December 23, 2000
After sleeping late, we headed for a walk along the Mediterranean and a day at nearby Jaffa. Tel Aviv originally sprang up as a Jewish village (in the pre-Israel days) for people to live somewhere other than Jaffa (an Arab area). In the War of 1948, almost all the Arabs in Jaffa fled. There are a few families still there, but most of the area has been somewhat preserved (in contrast to modern Tel Aviv) as a quaint artists' colony. We tried to visit the home of Simon the Tanner (where Peter healed Tabitha), but it seems to no longer welcome pilgrims (the only word we could understand on the big sign outside was "forbidden" in Arabic). That was disappointing.
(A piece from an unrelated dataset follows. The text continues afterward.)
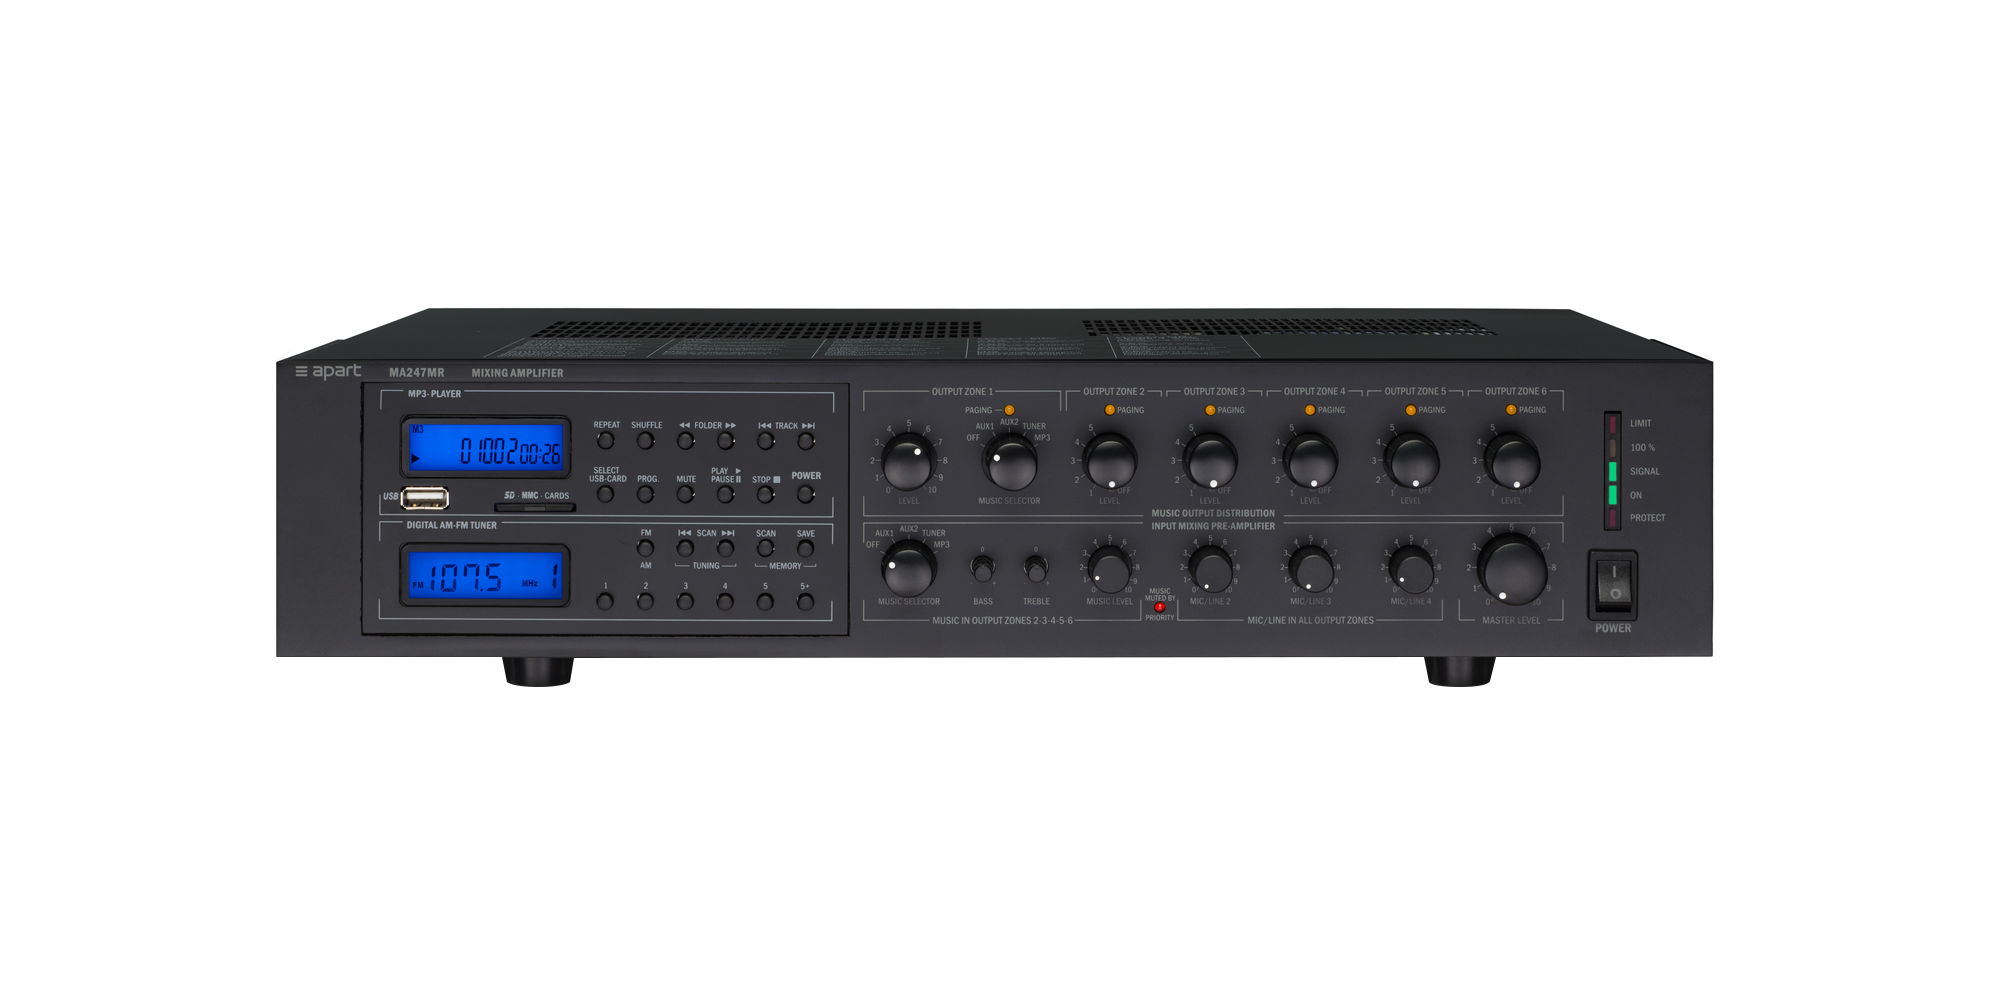 240 watt 6-zone 100volt amplifier system with FM/AM tuner

We met up with Elizabeth's mom and headed to Jerusalem for a night of sleep. Unfortunately, we were staying at a hostel near the Damascus Gate (portal for taxis to the West Bank - a lot of shouting, "Ramallah, Ramallah, Ramallah"). That night, there seemed to be something happening, so we went outside to investigate the commotion below. Busses full with Orthodox Jews were driving on the narrow street on their way to the Wailing Wall. Soldiers stopped all traffic to let the busses through and then walked beside them. The lights were on inside the bus, just enough to make out the recognizable silhouette of an Orthodox worshipper. Common sense would dictate taking one of the many other routes to the Wall (not one through predominantly Arab areas), but there seemed to be something deliberate at work. The Palestinian youth seemed to take a certain amount of pleasure - and emotional release - from shooting loud fireworks off near the bus.
A restful night was had by us nonetheless.